In this interview with Alan Nairn, Dennis J Bernstein, talks to Nairn about the fight to prevent the verdict from being overturned, and the grass roots efforts to expand the genocide investigations in Guatemala. Nairn also offers some deep background on an interview he did back in the 1980s with Guatemalan President, Otto Perez Molina, when he was a General, in which Perez Molina seems implicate himself in mass murder. The interview also zero’s in on how the US govt. continued its cozy relationship with mass murderers in Guatemala, by inviting one of Rios Montt’s top killer Generals to study at the Harvard Kennedy School.

DB: Allan, can you tell us about the verdict of last week, and the significance of the court decision?

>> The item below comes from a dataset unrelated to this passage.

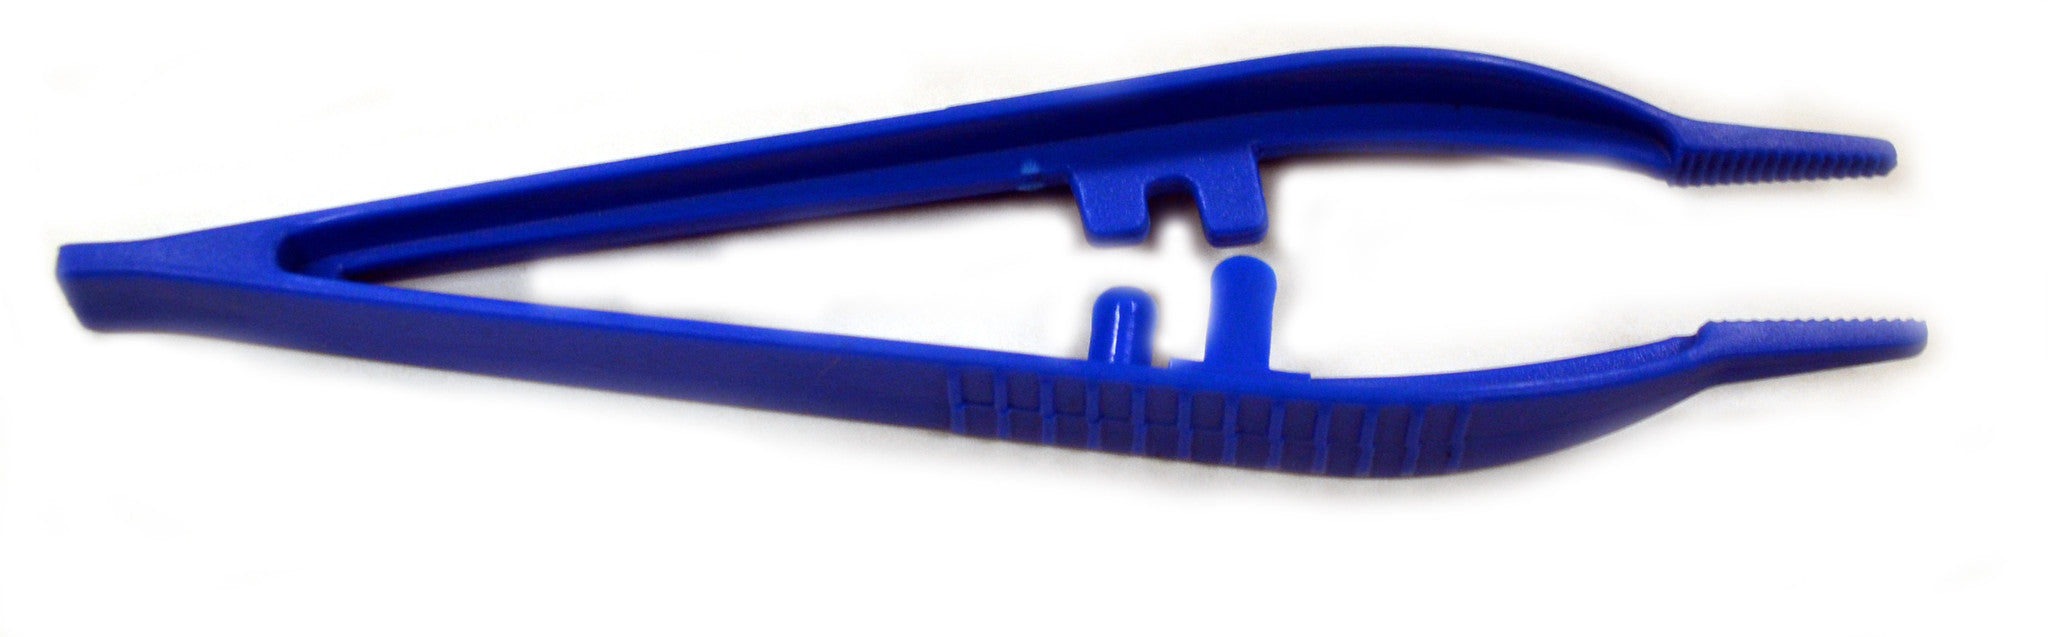 Plastic Forceps (Tweezers), 5in. , Pack of 10

AN: What happened is that somebody finally enforced the murder laws, impartially. In this case the murders were massacres committed in the northwest highlands of Guatemala against the Maya Ixil people. The perpetrator was a general, a military dictator who was backed by the United States, General Rios Montt. Usually, in every country in the world, a perpetrator, a killer with that kind of position and backing gets away with it. But in this case, it didn’t happen. General Rios Montt was convicted and sentenced to 80 years in prison. As we speak, he is in prison, although he’s claiming that he’s ill, so he’s now in a military hospital, but he’s still locked up. It’s a breakthrough in many ways. It’s the first time that any country has been able to prosecute a former president for genocide using its own domestic criminal courts. More importantly, it’s a prosecution from below. It’s not a case of victor’s justice where the one who wins the war prosecutes the one who lost the war. This is a case of survivors whose movement was crushed, but they were able to persist and use whatever levers of power that exist within the system to bring to justice one of the killers, a killer who represents a social order that is still in power. The same individuals and kinds of individuals who ran Guatemala in 1982 and 1983 still run it today. It’s still the army and the oligarchs of kacife; the chambers of commerce, industry and finance. But due to the brave fight of the survivors of these massacres, enough political space has been opened up in Guatemala that a few honest people have been able to rise to positions of importance within the prosecutorial system and within the judiciary, so this trial was able to move forward. It is also a breakthrough on the fight against racism and for the rights of the indigenous people.